A compromise plan had been floated that would add a multiplier effect for schools drawing students outside their district boundaries, which would in theory move many private schools up a division. This proposal has been narrowly voted down.
From the Columbus Dispatch:
Despite the 327-308 setback, OHSAA commissioner Dan Ross said he will push forward in hopes of finding a solution to a perceived competitive advantage that private schools hold over their public counterparts.
It is virtually certain that yet another proposal and one seeking separate private and public tournaments will butt heads on the May 2014 referendum ballot.

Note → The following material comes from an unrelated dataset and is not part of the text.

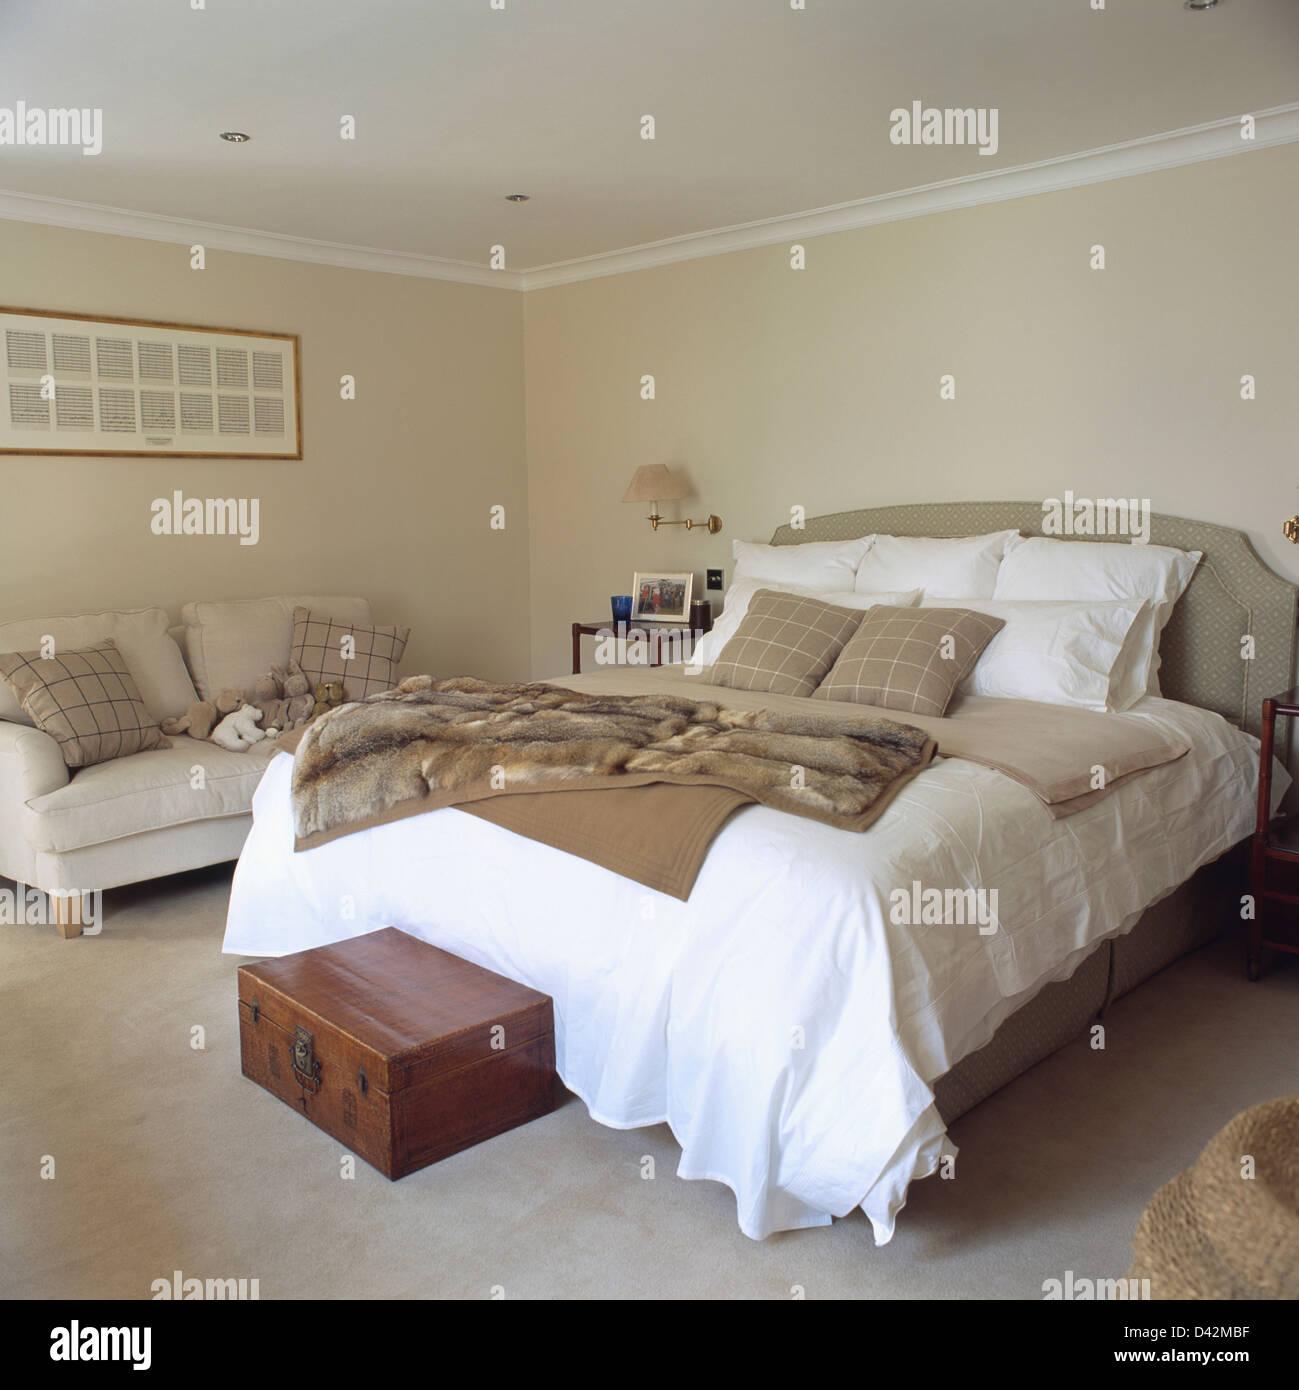 Kunstpelz Werfen Auf Bett Mit Weißem Leinen In Reihenhaus Schlafzimmer Mit  Kleine Holzkiste Und Beige Sofa

“I knew the vote would be close, and I hoped it would pass,” Ross said, “but what this tells me is that we’re almost 50-50 on this issue. If that many people are unhappy with the status quo, this issue is going to continue to be on the table for a while.”
The conflict between public and private schools isn't going away. Smaller publics in particular have argued for years that a private school has access to a dramatically larger potential player pool than they do, by virtue of their selective enrollment and their ability to draw students from multiple geographies. Many private schools have countered that several public schools, especially urban ones, have similar advantages, and that the goal of "competitive balance" is nebulous, or impossible to achieve.
Columbus area private schools were particularly vocal about opposing the plan, as schools like Waterson and DeSales could theoretically be forced to make a substantial jump in Division to compensate for the fact that their students come from all over Metro Columbus. In Cincinnati, an area with an even stronger Parochial presence, the calls have been even louder.
Pushing for separate playoff systems isn't an unheard of idea – Texas does it, as do other states – but it is controversial. Many public school athletic directors have expressed concern over such a radical step, even if they're disadvantaged in the current system, because they want their student-athletes to be able to play the strongest competition. If the OHSAA and their member institutions are unable to reach some sort of compromise, however, and more Ohio private schools win state titles in high visibility sports, there may be more momentum for a more radical solution.
Ohio has enjoyed a reputation for producing a lot of very good high school football players, and radical shifts in the competition structure of high school athletics might potentially hurt that reputation a little. Of all the proposed solutions, including a controversial plan that would have added a multiplier based on "tradition", or the school's socioeconomic situation, some sort of population-based multiplier for districts with open enrollment, public or private, does appear to be the most reasonable.
Hopefully the state's athletic directors can find a way to make the math work, or they run the risk of damaging what has been a great pride of the state.